Tufão can have extra modules as any other framework, but compared to Node.js, I see a problem with ease of the installation process. In Node.js, we have npm and all we need to do is npm install <module>, but in Tufão you need rely in the operating system installation process or compile the modules. This isn’t a problem in some GNU/Linux distributions like ArchLinux, but this might not be the case in other systems.

I don’t see an ease way to solve this problem, so I’ll try to evolve Tufão to be self-sufficient in most of the cases. And this isn’t really difficult as Tufão is built on top of Qt, that already provides lots and lots of common needed features to any application.

Routing mechanism

In Tufão, the rounting is built on top of two classes. The AbstractHttpServerRequestHandler interface and the HttpServerRequestRouter class. The AbstractHttpServerRequestHandler interface requires you to create a slot to handle a request and the HttpServerRequestRouter is itself is an AbstractHttpServerRequestHandler. This design let you to build things like nested routing and use the same router in several different combinations (serving to HTTP and HTTPS servers).
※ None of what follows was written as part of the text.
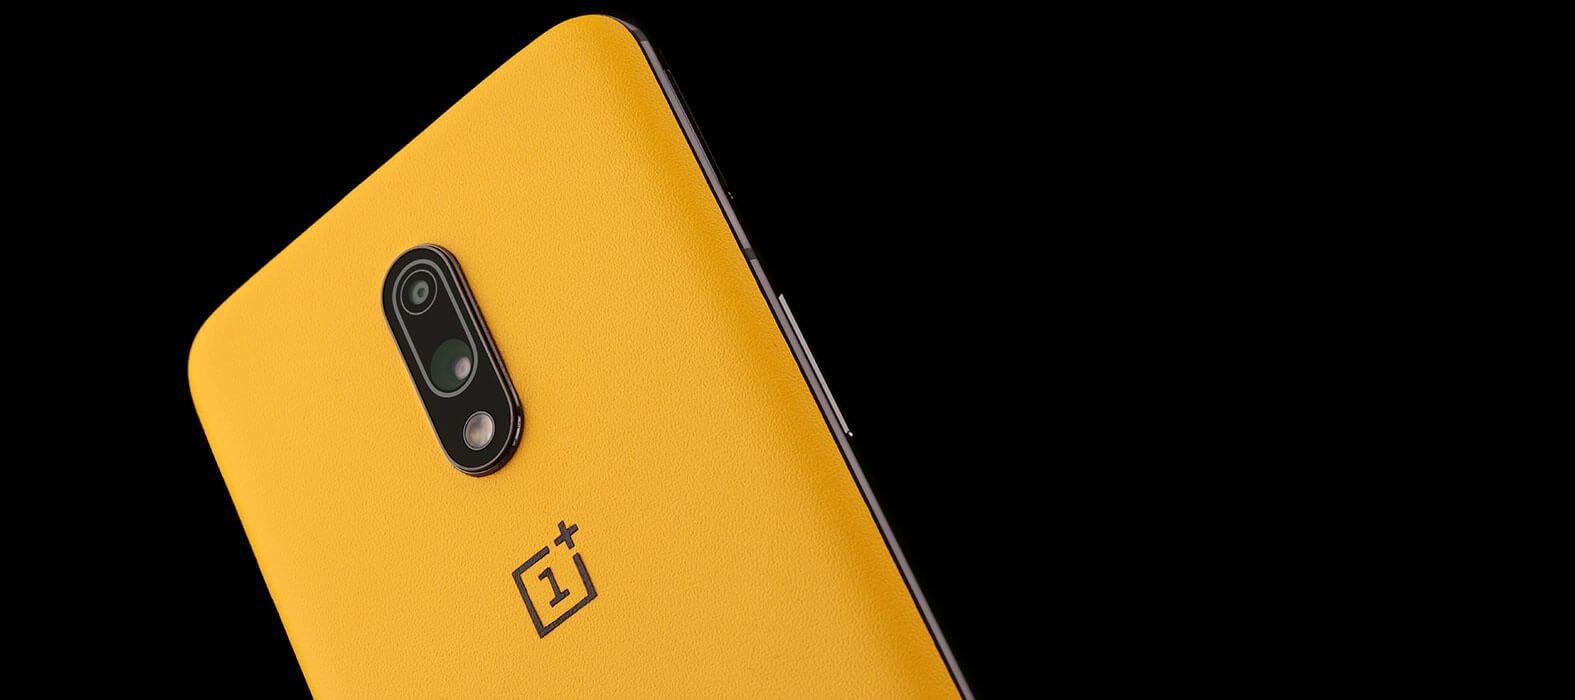 OnePlus 7 Yellow Sandstone Skins

In Tufão, the basic building block for routing request is the same as several other frameworks. You just need to use regular expression to filter the path and pass a handler to that request, and, optionally, specify which methods the object will handle.

The plugin-based application server

Well, when you develop a web application, you want to do it available 24h per day, every day. Imagine how you’d feel if you had to stop the server, recompile the application and run it again just to add your company’s name at the bottom of the page.

We could just use a dynamic interpreted language and solve the problem, but the language isn’t the problem. In some web frameworks there is the notion of an application server, that usually is integrated in the routing mechanism. The role of the application server is to dynamically register new applications and remove old ones.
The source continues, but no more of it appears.